The Evolution of Metastatic Colorectal Cancer Clinical Trials: Application of the ASCO Framework for Assessing Value
Doreen A. Ezeife, Sunil Parimi, Ellen R. Cusano, Matthew K. Smith, Tony H. Truong, Soundouss Raissouni, Yongtao Lin, Jose G. Monzon, Haocheng Li, Vincent C. Tam, and Patricia A. Tang
Background: Phase III trials in metastatic colorectal cancer (mCRC) have collectively led to progressive advancements in patient outcomes over the past decades. This study characterizes the evolution of mCRC phase III trials through assessing the value of cancer therapy, as measured by the ASCO Value Framework. Methods: Phase III trial results of systemic therapy for mCRC published between 1980 and 2015 were identified, and their outcome, statistical significance, journal impact factor, and citation by the 2016 NCCN Clinical Practice Guidelines in Oncology (NCCN Guidelines) for CRC were recorded. For each trial, the net health benefit (NHB) score was calculated using the June 2015 (original) and May 2016 (revised) ASCO Value Framework: Advanced Disease.
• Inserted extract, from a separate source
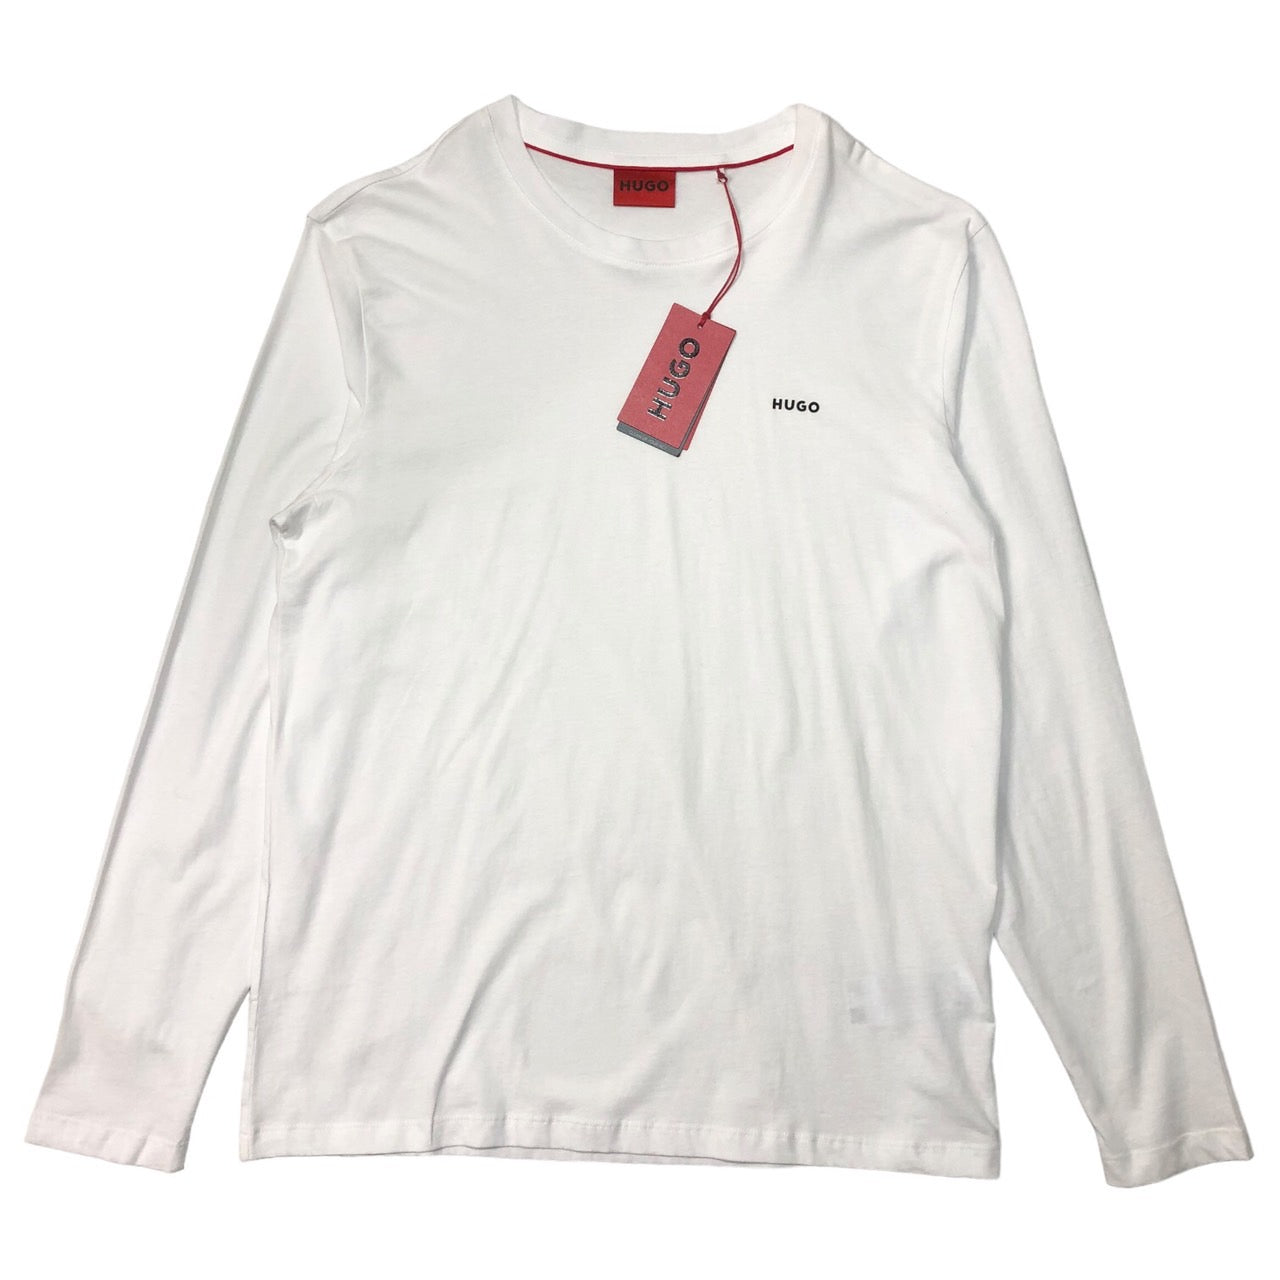 HUGO BOSS(ヒューゴボス) ロングスリーブTシャツ コットンジャージー ロゴプリント/ロゴ長袖Tシャツ 4021406673212 M ホワイト
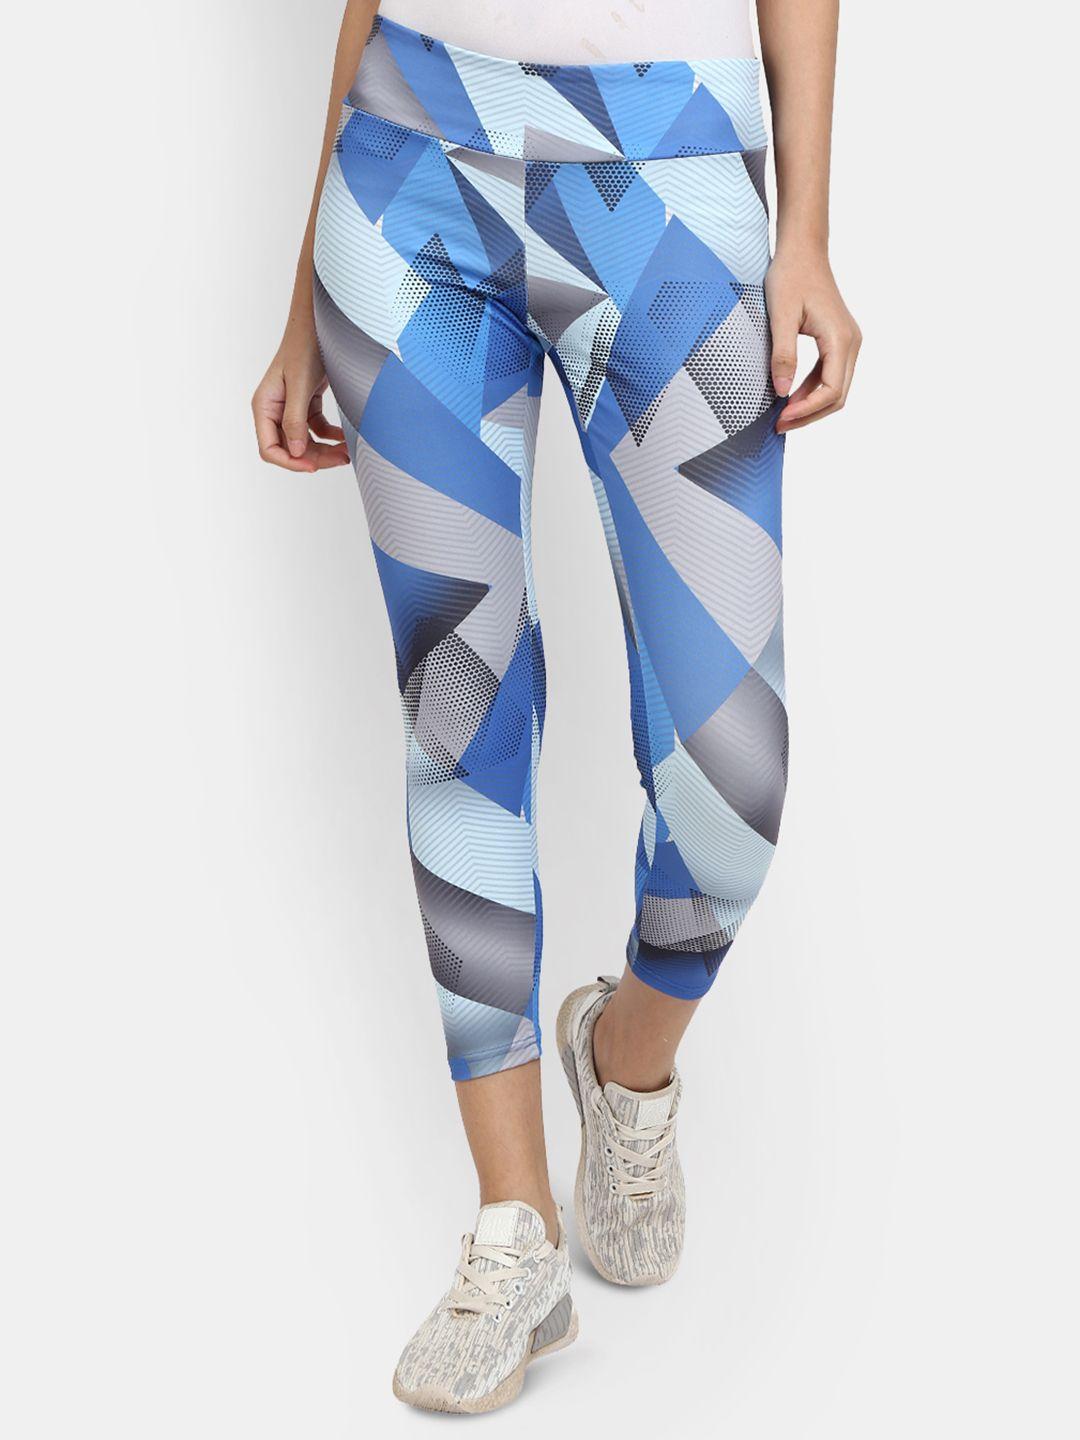 v-mart women blue & white geometric printed ankle-length tights

Results: There were 114 mCRC phase III trials eligible for calculation of the NHB score. Using the revised framework, the median NHB score was 4.6 (range, −30 to 43.5); 12% of trials received bonus points. Trials with statistically significant results had higher NHB scores compared with nonsignificant trials (median NHB score, 21.6 vs 2.9; P<.0001). Clinical trials cited in the NCCN Guidelines had higher NHB scores than those not cited (median score, 8.0 vs 0.3; P=.02). In multivariate linear regression analysis, the only significant predictor of high NHB score was statistically significant studies. Conclusions: The median NHB score for mCRC phase III trials was 4.6. Higher NHB scores are associated with statistically significant studies and are cited in the NCCN Guidelines, a surrogate for practice-changing trials. The 2016 ASCO Value Framework may not fully capture the benefits on an individual patient level.